[The records]
[Start of Attachment]

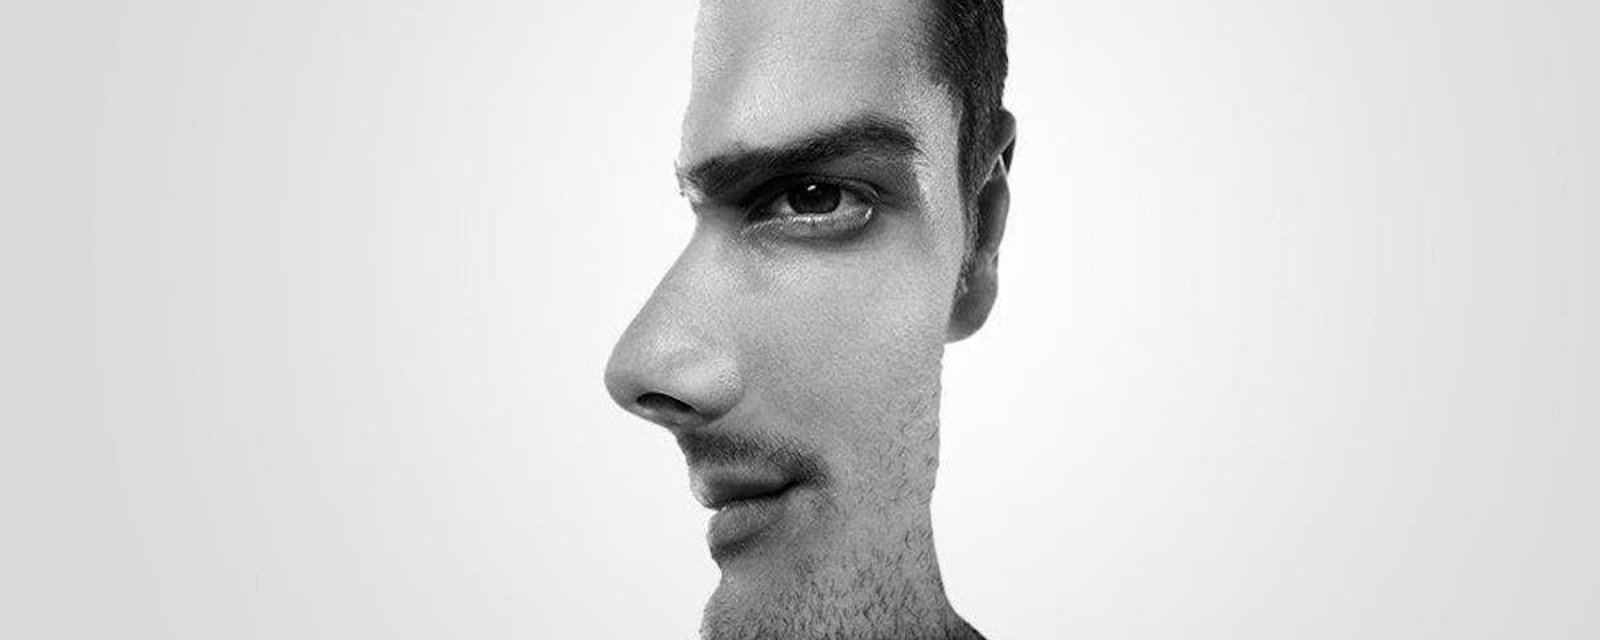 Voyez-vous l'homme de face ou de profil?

[End of Attachment]
[Start of Attachment]

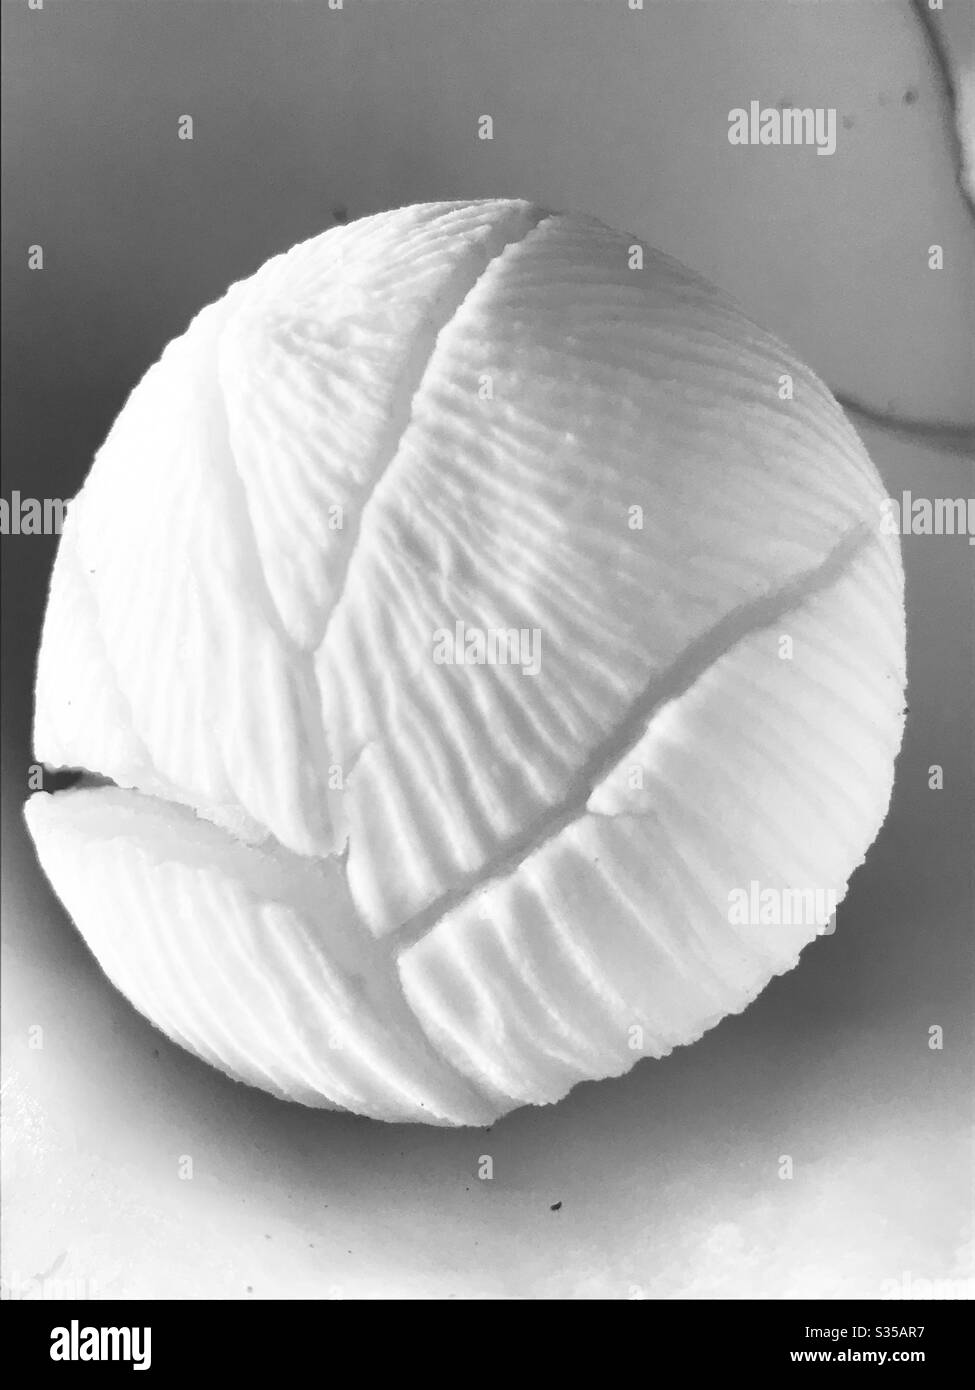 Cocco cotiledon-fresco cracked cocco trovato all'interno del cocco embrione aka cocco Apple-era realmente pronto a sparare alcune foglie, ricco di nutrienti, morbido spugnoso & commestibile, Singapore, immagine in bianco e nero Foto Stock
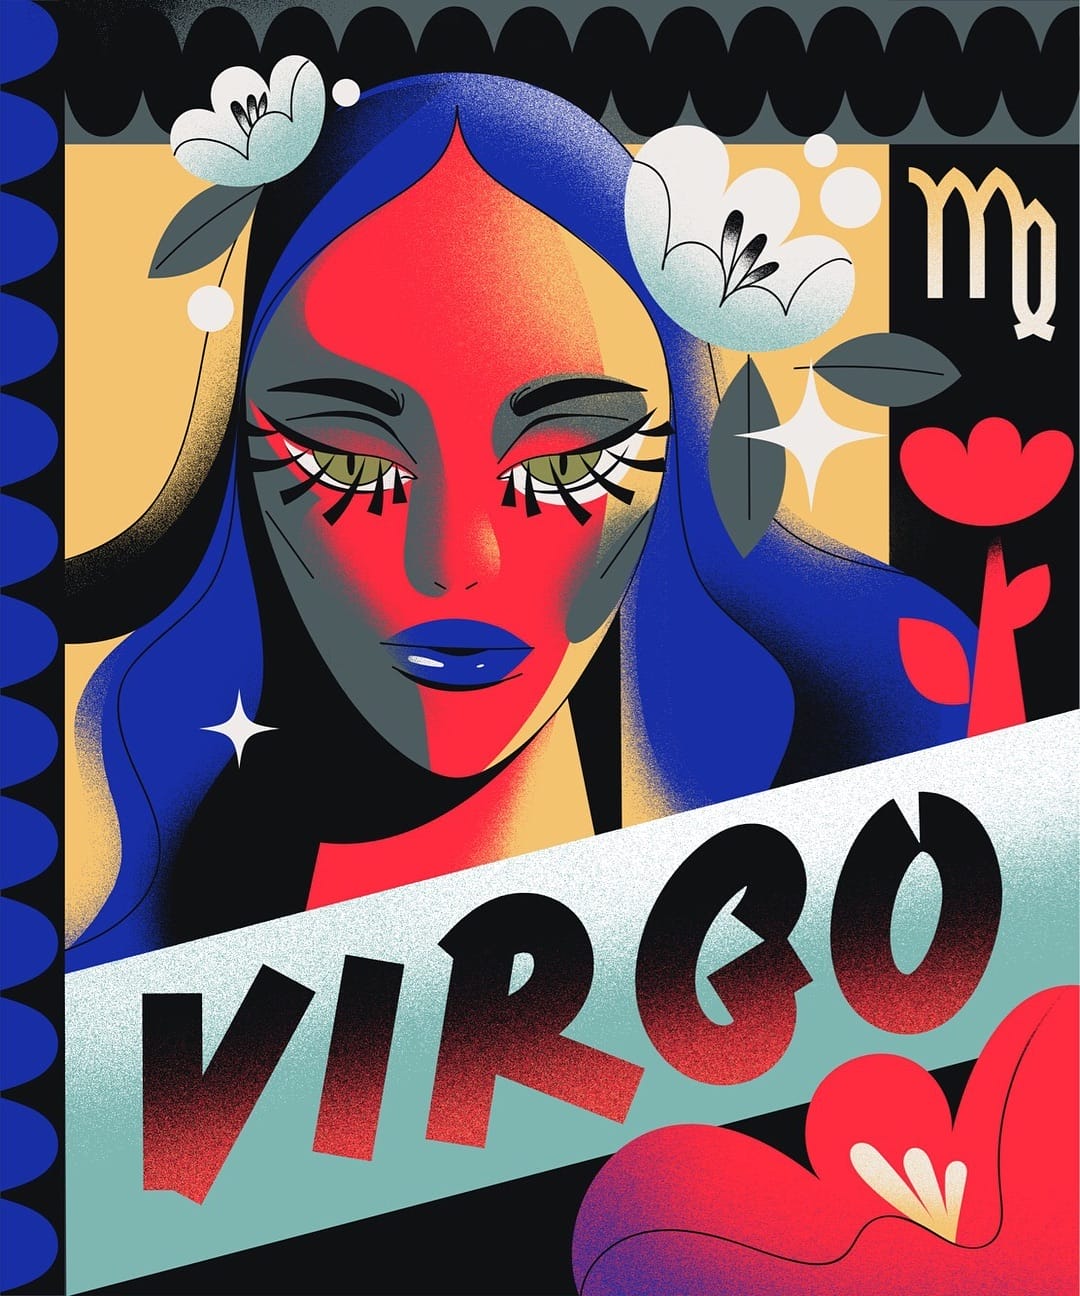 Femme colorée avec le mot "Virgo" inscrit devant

[End of Attachment]

[What is being asked] The reply should hold the entries above from the line with "Cocco cotiledon-fresco cracked" to the line with "Femme colorée avec", duplicated exactly, pictures excluded.

[Answer section]
 Cocco cotiledon-fresco cracked cocco trovato all'interno del cocco embrione aka cocco Apple-era realmente pronto a sparare alcune foglie, ricco di nutrienti, morbido spugnoso & commestibile, Singapore, immagine in bianco e nero Foto Stock
 Femme colorée avec le mot "Virgo" inscrit devant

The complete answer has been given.